How to monitor Heroku Postgres using heroku-pg-extras

Table of Contents

Django Heroku Tutorial Series:

  1. Heroku vs AWS Which is Best for Your Django project
  2. How to deploy Django project to Heroku using Docker
  3. How to deploy Python project to Heroku in Gitlab CI
  4. How to use Heroku Pipeline
  5. Heroku Logs Tutorial
  6. How to monitor Heroku Postgres using heroku-pg-extras

Django Dokku Tutorial Series:

  1. How to deploy Django project to Dokku
  2. How to deploy Django project to Dokku with Docker

Introduction

In this Heroku tip, I will talk about how to use heroku-pg-extras plugin to monitor Heroku Postgres.

Background

As you know, Heroku would send some Postgres metric data to the log stream but it is not handy for people to check if the Postgres db is working fine.

heroku-pg-extras can be used to obtain performance data about a Heroku Postgres db, which is very useful when solving the performance issue.

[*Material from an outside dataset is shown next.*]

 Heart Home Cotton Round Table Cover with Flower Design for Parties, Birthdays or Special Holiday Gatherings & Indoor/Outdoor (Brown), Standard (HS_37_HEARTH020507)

You can check index, lock, connection, cache and other statistics using this plugin.

Postgres has built-in statistics collector which automatically aggregates most of these metrics internally, heroku-pg-extras would help you build SQL query to get the metric value from the predefined statistics views.

Install heroku-pg-extras

$ heroku plugins:install heroku-pg-extras

Please note that this plugin is installed to your Heroku CLI instead of some specific Heroku app, which means, after you install it, you can use it with different Heroku apps in local.

NOTE: If you want to know more about some command, just type $ heroku help pg:<command>

Command list

pg:cache-hit

$ heroku pg:cache-hit

      name      |         ratio
----------------|------------------------
 index hit rate | 0.99978961173382966536
 table hit rate | 0.99968176561451181147
(2 rows)

This command provides information on the efficiency of the buffer cache, for both index reads (index hit rate) as well as table reads (table hit rate).

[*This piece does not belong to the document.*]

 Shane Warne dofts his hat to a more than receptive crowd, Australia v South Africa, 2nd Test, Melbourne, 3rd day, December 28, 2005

If the hit ratio is low, then you might need to consider upgrade your Postgres plan.

pg:index-usage

                   relname                    | percent_of_times_index_used | rows_in_table
----------------------------------------------|-----------------------------|---------------
 django_session                               | 99                          |          3505
 auth_permission                              | 98                          |           451
 django_migrations                            | Insufficient data           |           419

This command provides information on the efficiency of indexes, represented as what percentage of query used the index.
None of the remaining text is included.